Heavily distorted. This massive spike from a loss of $(0.27) a year ago is strictly due to a one-time $73.0M deemed contribution recognized during the preferred stock recapitalization. Investors must strip this out; operating net income was essentially flat at $3.0M.
Guidance
Stable. Management guided for Q1 revenue to be 'roughly flat' compared to Q1 2025. This confirms that the deceleration seen in Q4 is persisting into the new fiscal year, as cross-platform growth merely fills the hole left by legacy declines.
Stable. This implies full-year revenue growth of roughly 0% to 1% (around $357M-$360M) and an EBITDA margin in the 11.5% to 12.0% range. While the balance sheet is fixed, the income statement is stuck in neutral.
Key Questions
Replacing the Lost Retail Client
Cross-Platform growth dropped to single digits in Q4 following the Q3 shift of a major retail media client. When do you expect the pipeline of new Proximic and CCM contracts to fully replace that lost run-rate and return the segment to 20%+ growth?
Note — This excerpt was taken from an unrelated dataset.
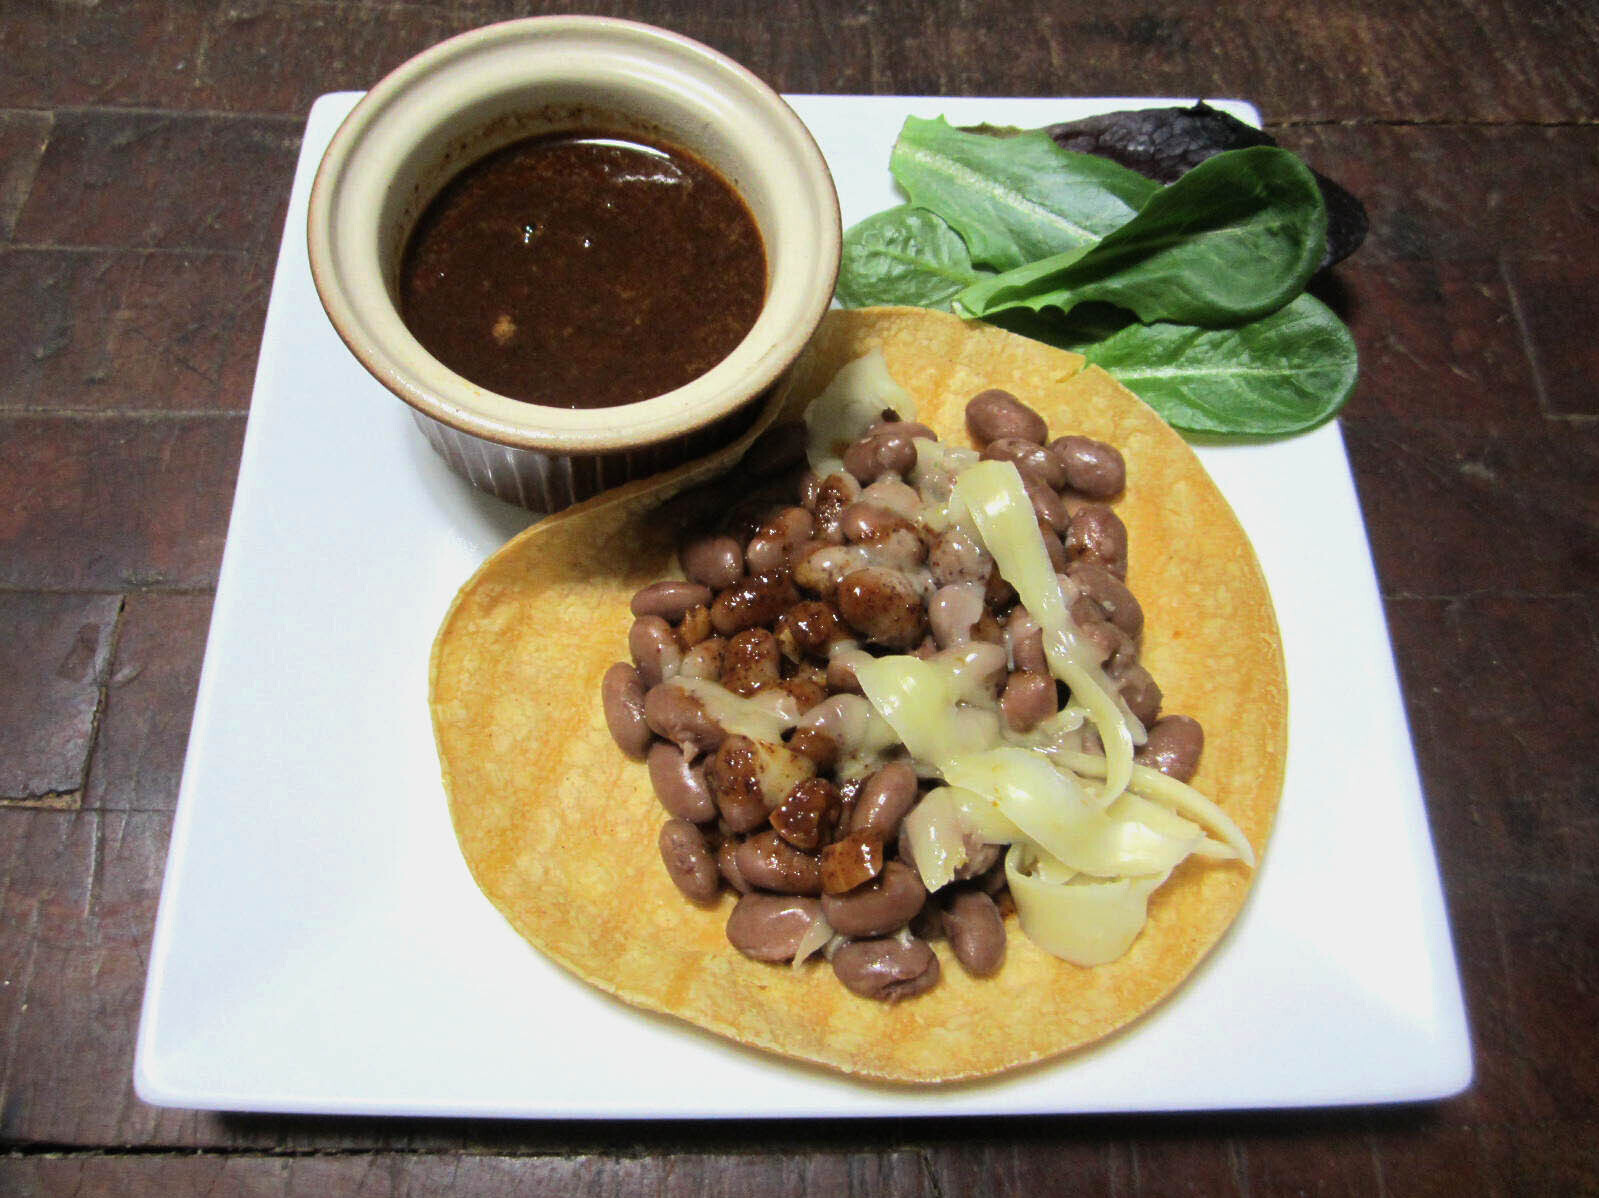 Tortilla served with beans, cheese, lettuce, and sauce

Post-Recapitalization M&A Strategy
You noted the recapitalization positions the company to evaluate 'additional strategic actions' to unlock growth and simplify the business. Are you prioritizing divestitures of declining legacy assets, or targeted acquisitions to bolster the programmatic and cross-platform tech stack?
Syndicated Audience Floor
With Syndicated Audience revenue declining 5.3% this quarter, where do you see the fundamental floor for this legacy business? Are we modeling a mid-single-digit decline in perpetuity, or is there a point where the base stabilizes?